Arga meringis lebar, menyadari betapa kakunya ia dalam hal seperti ini.
"Ya udah, maaf ya. Soalnya ini pertama kali saya deket sama perempuan!"
"Emang Mas nggak punya temen perempuan?"
Arga menggeleng pelan. Ia terlalu malas berada dekat dengan para makhluk berisik yang selalu mengganggunya itu.
"Kok bisa?" pekik Mika tak percaya.
"Ya bisa aja pokoknya!"
"Kalau saudara perempuan? Sepupu, atau siapa gitu?"
"Ada, tapi nggak deket juga, kalau ketemu paling cuman saling sapa habis itu udah!"
"Anyep banget hidup Mas!"
Arga terkekeh pelan mendengar komentar Mika tentang hidupnya. Anyep? Apa maksudnya itu Dingin? Ah, atau Hambar? Apa sih yang dia maksud?
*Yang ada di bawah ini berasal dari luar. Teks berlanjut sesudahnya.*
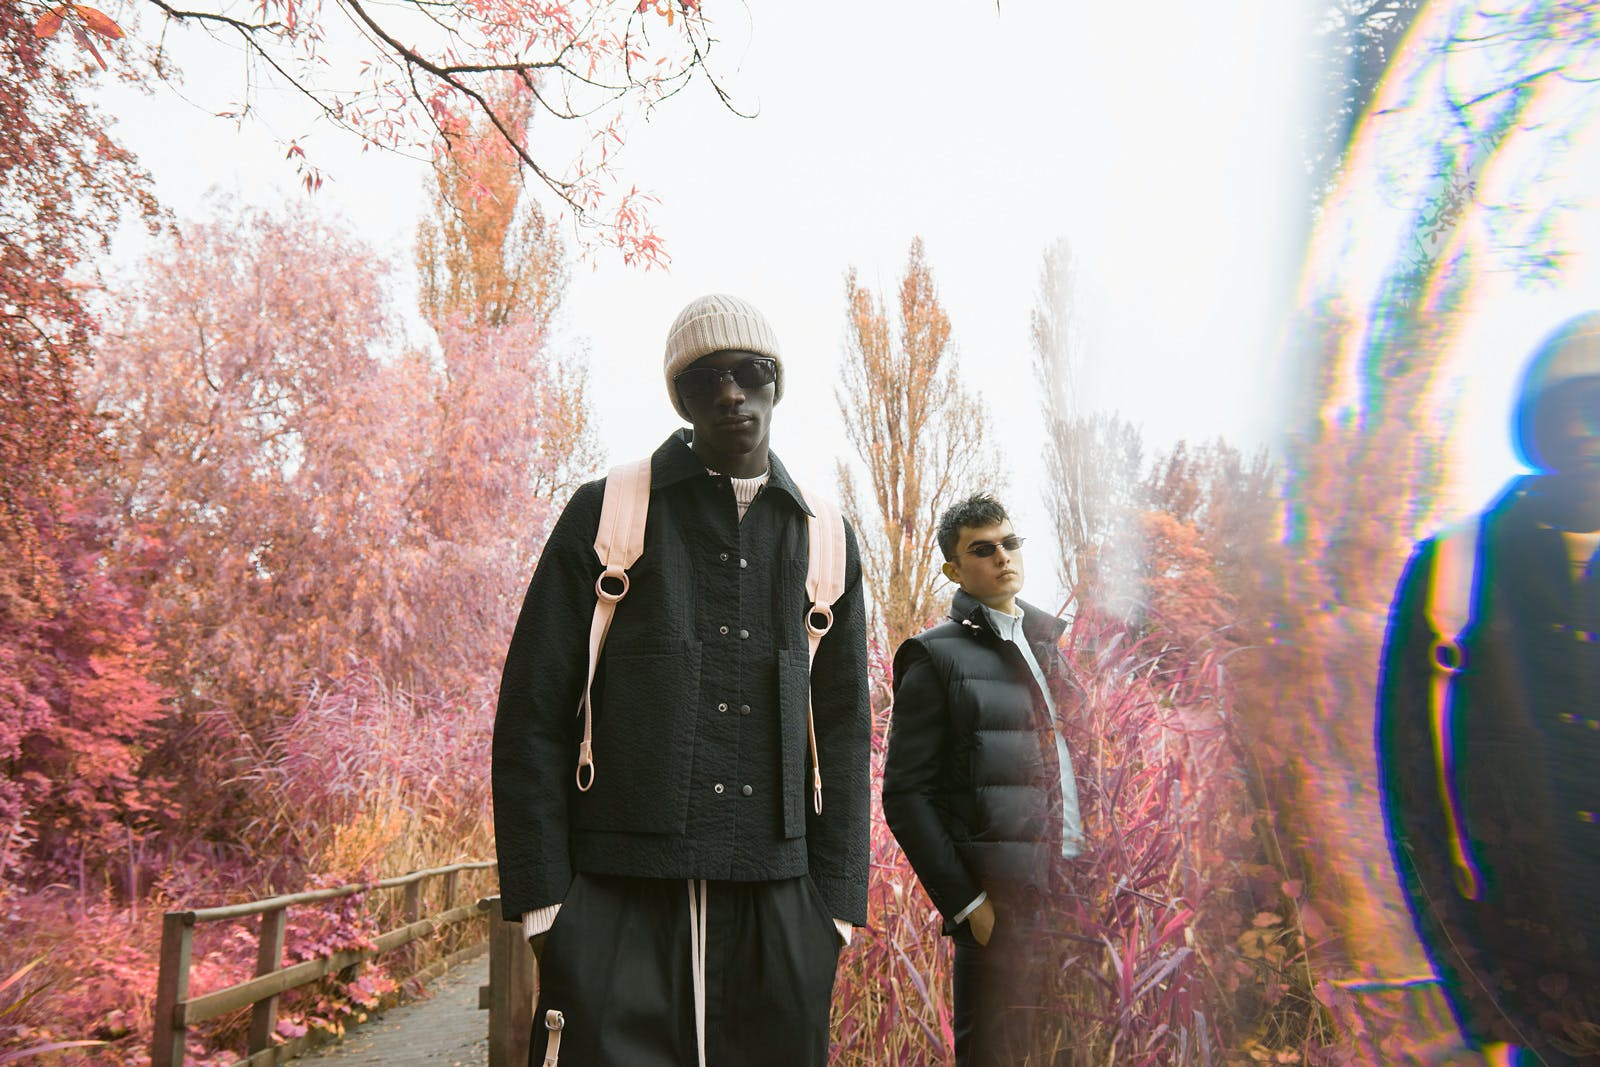 On A Trip END. AW19 Editorial .03 - Models wear Maison Margiela, Rick Owens, 1017 ALYX 9SM, Acne Studios

"Oh iya, tadi Mas mau ajak aku ke mana?"
"Main bola!"
"Hah?"
"Tiap hari minggu, saya sama temen-temen suka main bola. Mereka itu sering ajak pacar atau istri, cuman saya aja yang belum pernah. Jadi, sekarang saya mau ajak kamu!"
Mika terdiam, namun beberapa detik setelahnya, ia langsung tertawa.
"Mas yakin mau ajak aku? Tapi, aku ini nggak paham sama sekali lho soal bola. Nanti Mas malu lagi," ucap Mika sambil menunjukan cengiran lebarnya.
"Satu-satunya kegiatan yang saya suka selain kerja, itu ya bola. Jadi saya mau berbagi aja ke kamu."
"Owh gitu, kalau Mas mau berbagi hobi Mas ke aku, aku boleh juga dong berbagi hobi aku sama Mas?"
Arga mengangguk, mengiyakan permintaan Mika.
"Aku itu seorang fangirl. Aku suka sama KPOP, bentar lagi, boygroup favorit aku ngadain konser di sini. Mas mau nemenin aku nonton konsernya, 'kan?"
Kedua mata Arga langsung terbuka lebar. Menonton konser di mana mayoritas penontonnya adalah perempuan yang hobi teriak-teriak? Luar biasa!
"Gimana Mas? Bagus juga lhoh, kita bisa saling memahami kesukaan masing-masing."
Ingin rasanya Arga menolak mentah-mentah, akan tetapi, ia adalah orang pertama yang mengusulkan hal ini. Akan sangat memalukan jika ia menolaknya.
"Boleh." Arga berujar pelan, setelah berpikir untuk waktu yang cukup lama.
"Kalau gitu, aku ke kamar dulu ya. Oh iya, aku harus pakai baju apa? Olahraga?"
"Pakai baju yang nyaman dipakai aja."
"Baju tidur?" tanya Mika dengan wajah polosnya.
Seketika itu juga, raut wajah Arga langsung berubah menjadi horor.
"Bercanda!" seru Mika, lalu menjulurkan lidahnya sambil mengerlingkan sebelah matanya.